▶ [PROBLEM DETAILS]: What you return should be the complete data below, word for word, with no pictures in it.

▶ [MATERIAL PROVIDED]:
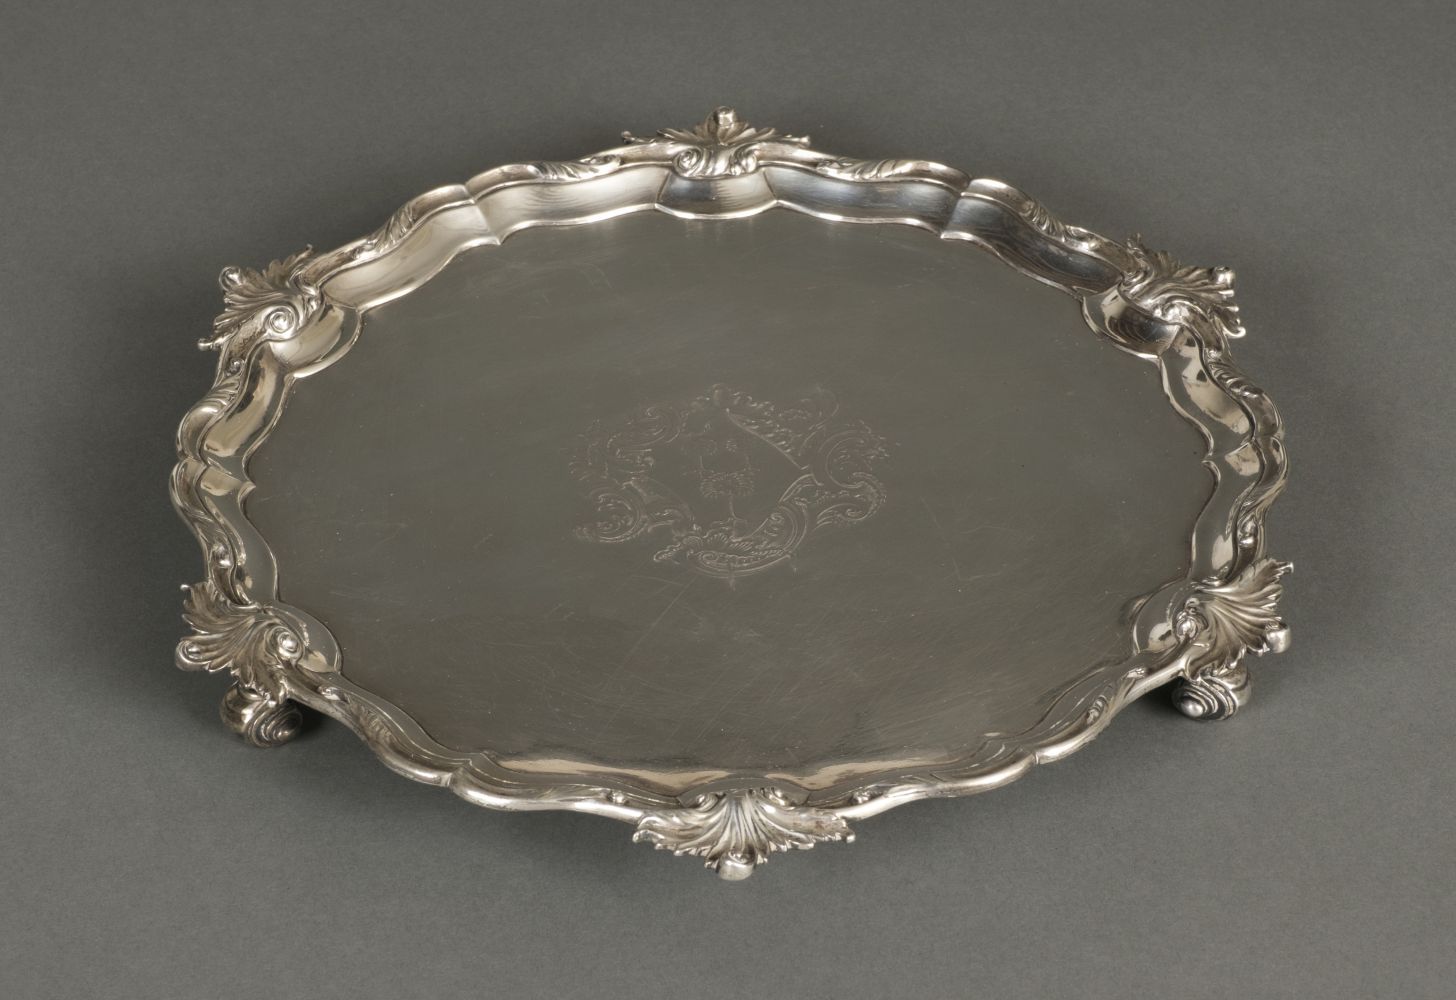 * Salver. George II silver salver by George Wickes, London 1753
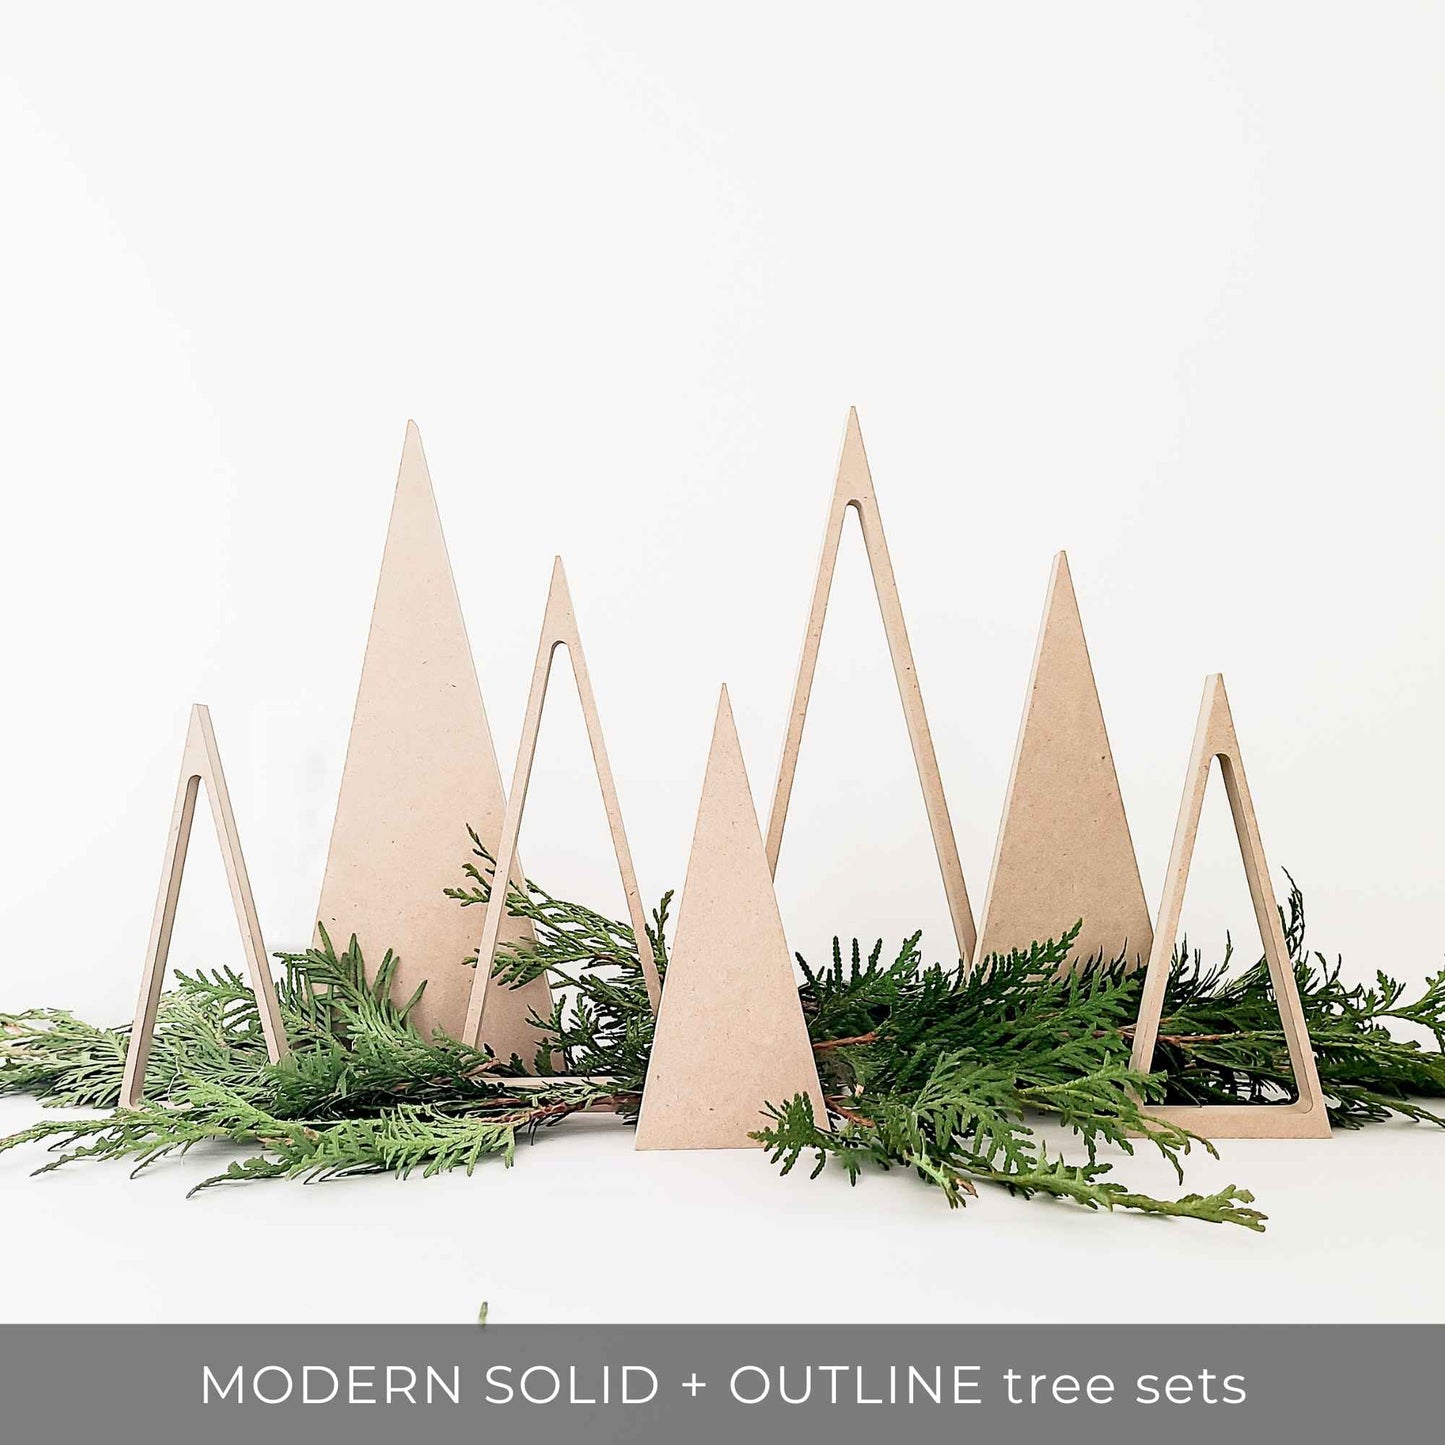 Wooden tree decor for simple Modern Christmas decor 
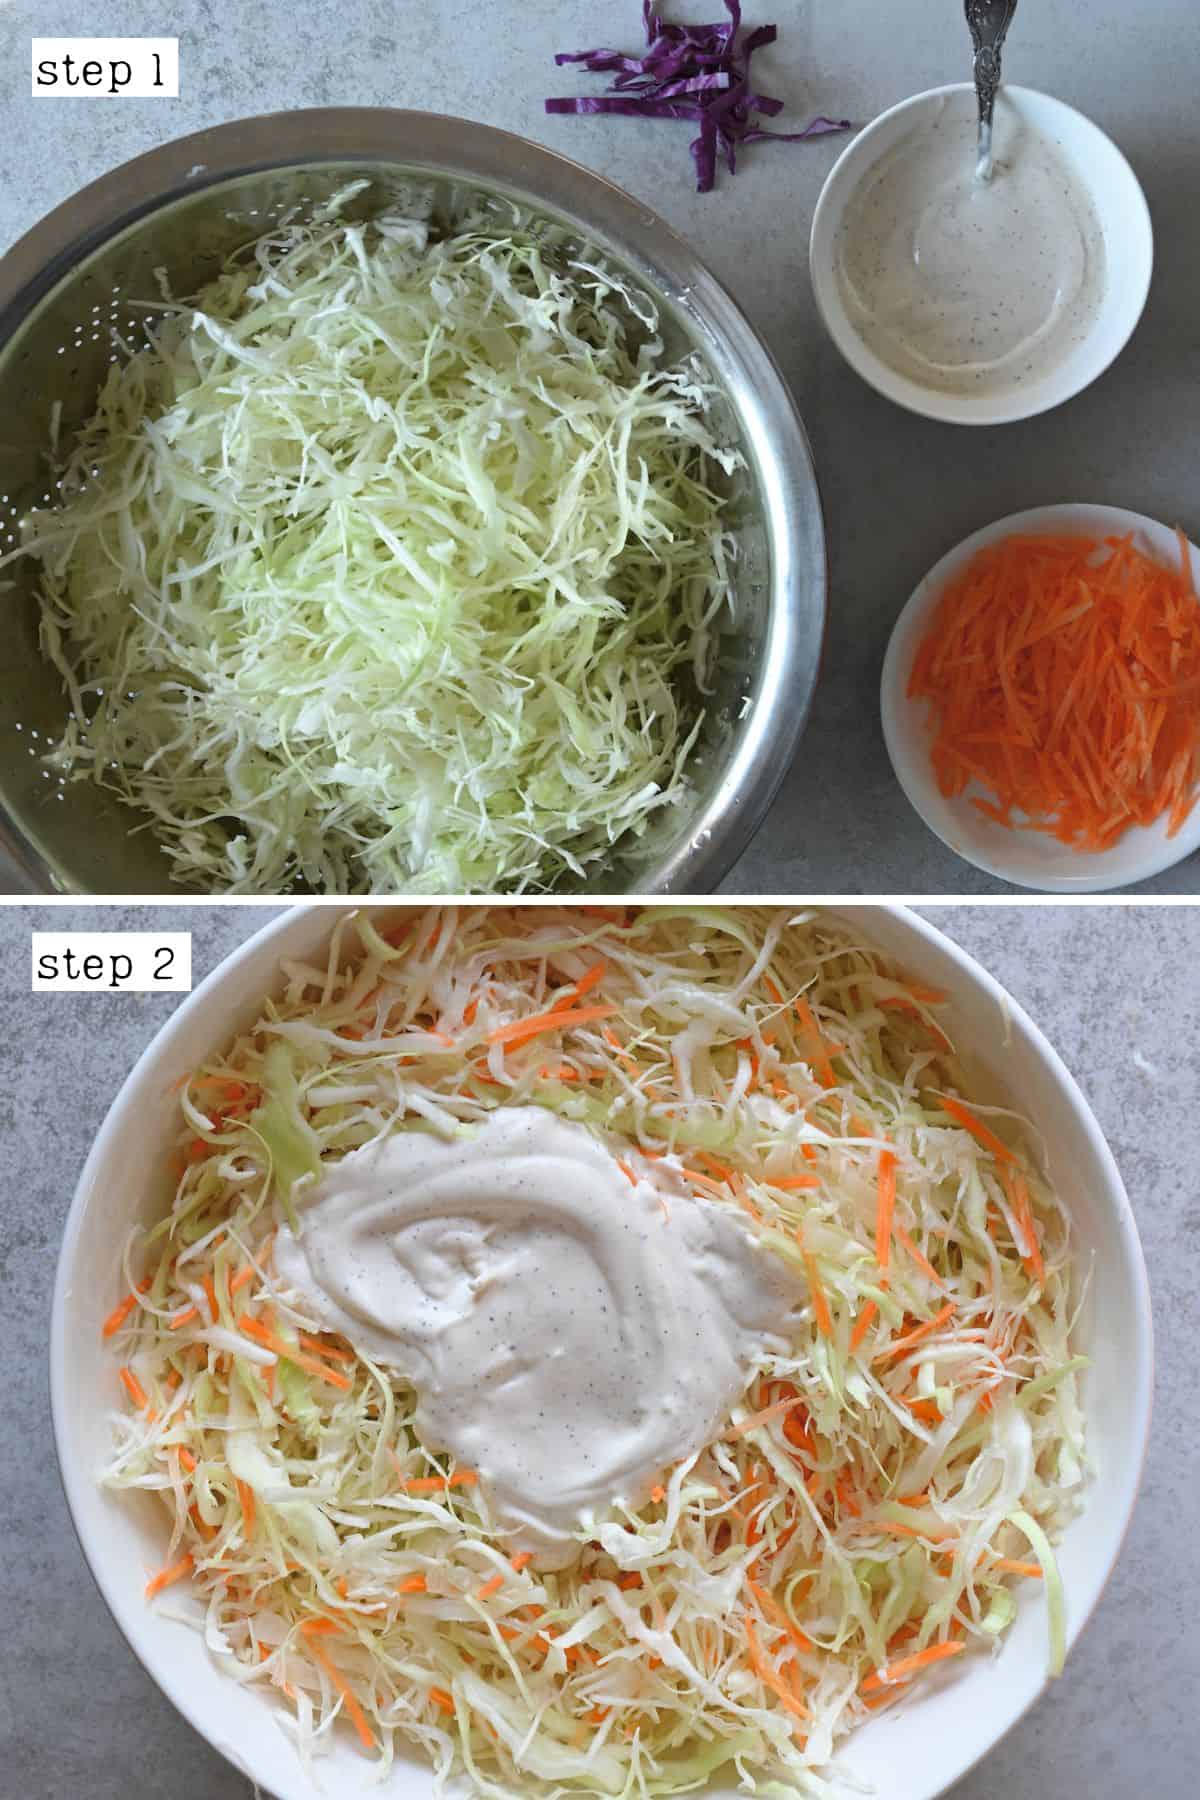 Steps for preparing coleslaw
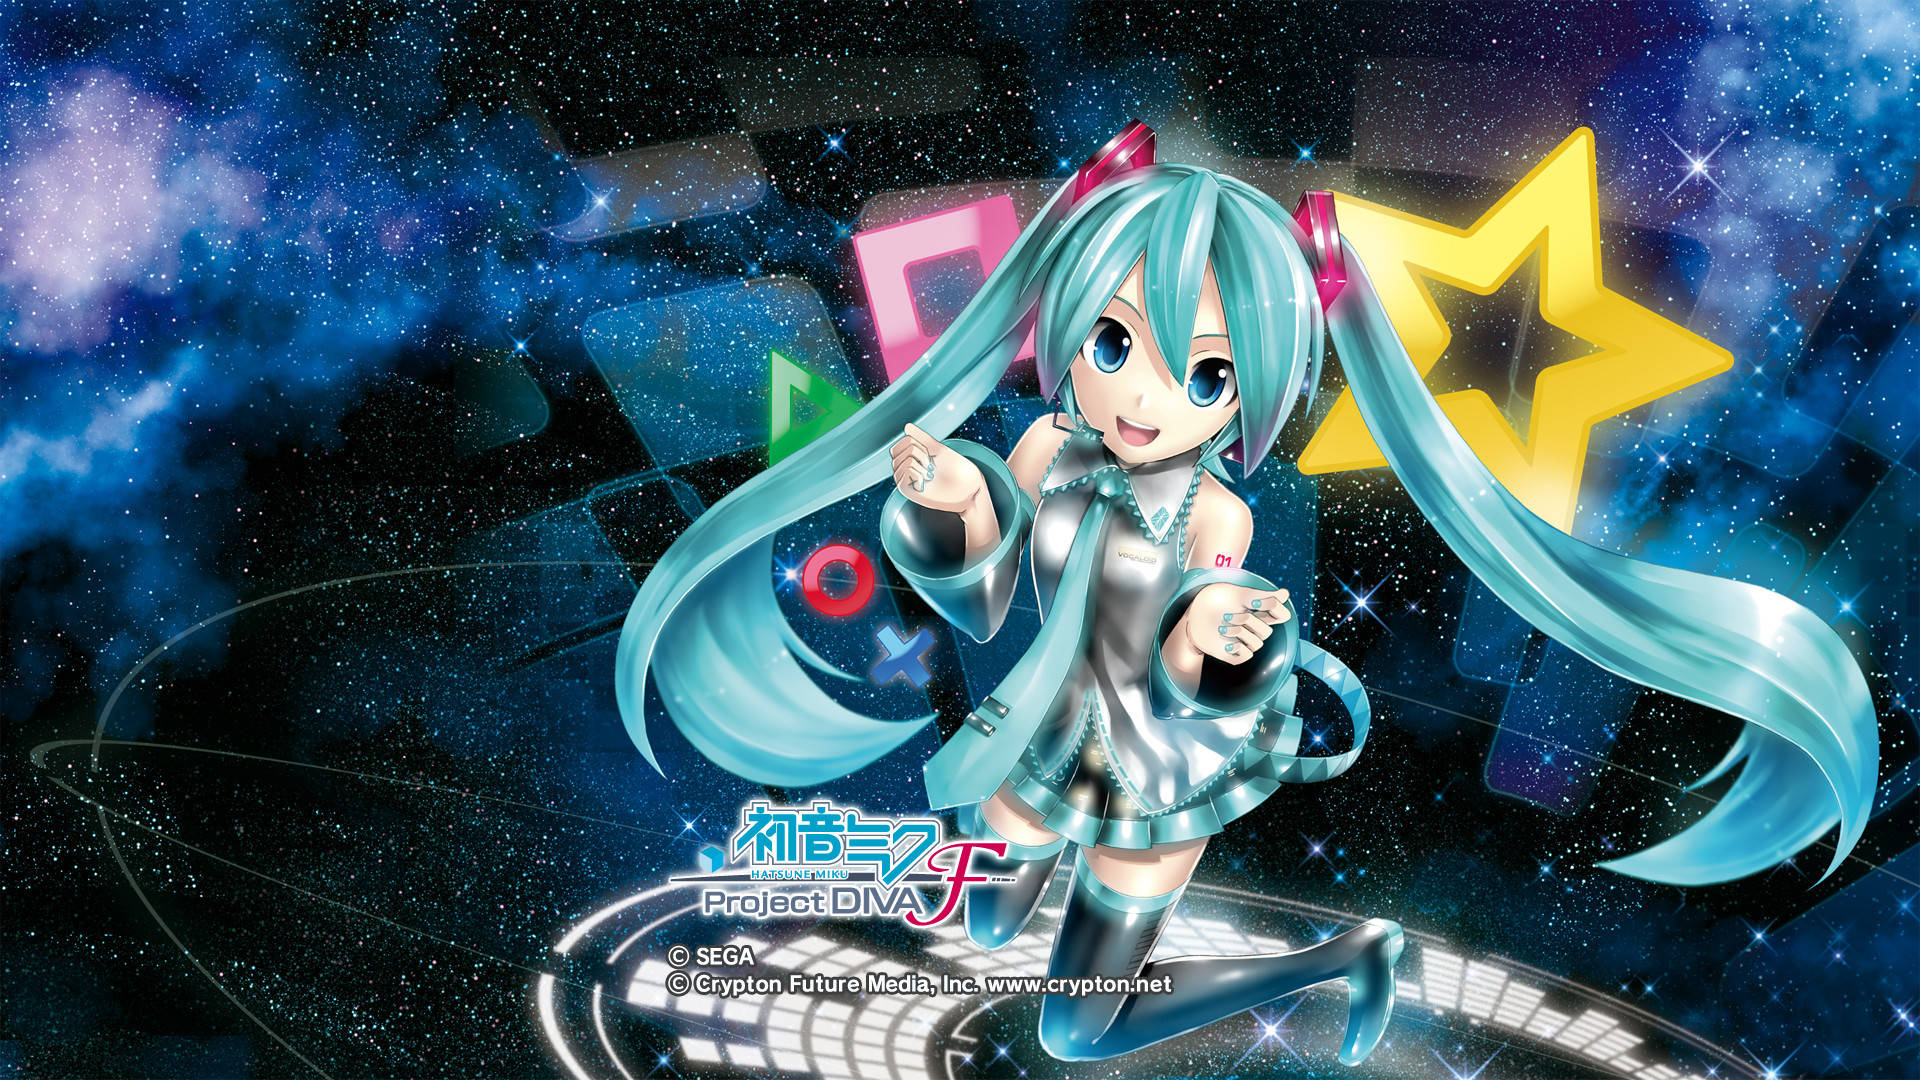 Hatsune Miku, the iconic virtual Vocaloid singer. Wallpaper

▶ [SOLUTION FOR THIS TASK]:
 * Salver. George II silver salver by George Wickes, London 1753
 Wooden tree decor for simple Modern Christmas decor 
 Steps for preparing coleslaw
 Hatsune Miku, the iconic virtual Vocaloid singer. Wallpaper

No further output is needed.